> PROBLEM STATEMENT: Repeat, exactly as written, the lines of the records below from the first through the line with "Jason Kelce Calls", but none past it.

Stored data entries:

====

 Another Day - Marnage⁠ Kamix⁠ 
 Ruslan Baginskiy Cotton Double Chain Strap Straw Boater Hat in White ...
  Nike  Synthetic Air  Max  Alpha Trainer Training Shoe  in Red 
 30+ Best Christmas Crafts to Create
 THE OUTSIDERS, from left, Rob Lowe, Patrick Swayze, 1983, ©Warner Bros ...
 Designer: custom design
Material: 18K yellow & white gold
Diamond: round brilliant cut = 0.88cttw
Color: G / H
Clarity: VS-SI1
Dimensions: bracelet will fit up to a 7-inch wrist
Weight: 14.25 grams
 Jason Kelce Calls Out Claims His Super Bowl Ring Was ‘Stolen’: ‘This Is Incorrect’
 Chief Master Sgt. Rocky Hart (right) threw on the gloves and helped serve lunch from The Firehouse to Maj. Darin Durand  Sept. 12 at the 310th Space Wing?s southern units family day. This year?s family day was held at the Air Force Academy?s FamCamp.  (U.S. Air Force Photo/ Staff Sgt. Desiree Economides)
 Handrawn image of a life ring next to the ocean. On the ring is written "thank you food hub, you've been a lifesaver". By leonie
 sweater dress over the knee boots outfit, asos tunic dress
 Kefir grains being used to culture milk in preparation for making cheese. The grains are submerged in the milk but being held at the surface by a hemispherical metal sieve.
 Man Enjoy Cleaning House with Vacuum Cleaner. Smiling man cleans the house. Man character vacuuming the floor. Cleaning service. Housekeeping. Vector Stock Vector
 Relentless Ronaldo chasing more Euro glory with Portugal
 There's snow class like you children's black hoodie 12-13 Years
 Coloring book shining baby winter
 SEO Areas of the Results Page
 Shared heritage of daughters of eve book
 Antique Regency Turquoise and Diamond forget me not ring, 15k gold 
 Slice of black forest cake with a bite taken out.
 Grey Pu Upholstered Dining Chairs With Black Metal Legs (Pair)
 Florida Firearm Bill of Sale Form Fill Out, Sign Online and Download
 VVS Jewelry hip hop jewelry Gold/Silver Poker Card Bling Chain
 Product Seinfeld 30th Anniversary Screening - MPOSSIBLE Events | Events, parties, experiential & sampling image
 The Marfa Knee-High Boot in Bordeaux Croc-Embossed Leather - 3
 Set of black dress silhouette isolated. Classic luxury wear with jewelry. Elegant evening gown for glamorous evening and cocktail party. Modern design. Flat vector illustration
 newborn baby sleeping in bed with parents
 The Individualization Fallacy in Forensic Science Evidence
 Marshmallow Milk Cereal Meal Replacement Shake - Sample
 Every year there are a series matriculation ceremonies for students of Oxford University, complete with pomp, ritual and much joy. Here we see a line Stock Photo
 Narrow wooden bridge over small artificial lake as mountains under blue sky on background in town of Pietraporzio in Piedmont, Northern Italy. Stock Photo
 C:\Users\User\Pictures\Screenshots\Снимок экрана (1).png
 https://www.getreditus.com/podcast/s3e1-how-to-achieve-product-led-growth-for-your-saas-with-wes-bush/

====

> EXERCISE SOLUTION:
 Another Day - Marnage⁠ Kamix⁠ 
 Ruslan Baginskiy Cotton Double Chain Strap Straw Boater Hat in White ...
  Nike  Synthetic Air  Max  Alpha Trainer Training Shoe  in Red 
 30+ Best Christmas Crafts to Create
 THE OUTSIDERS, from left, Rob Lowe, Patrick Swayze, 1983, ©Warner Bros ...
 Designer: custom design
Material: 18K yellow & white gold
Diamond: round brilliant cut = 0.88cttw
Color: G / H
Clarity: VS-SI1
Dimensions: bracelet will fit up to a 7-inch wrist
Weight: 14.25 grams
 Jason Kelce Calls Out Claims His Super Bowl Ring Was ‘Stolen’: ‘This Is Incorrect’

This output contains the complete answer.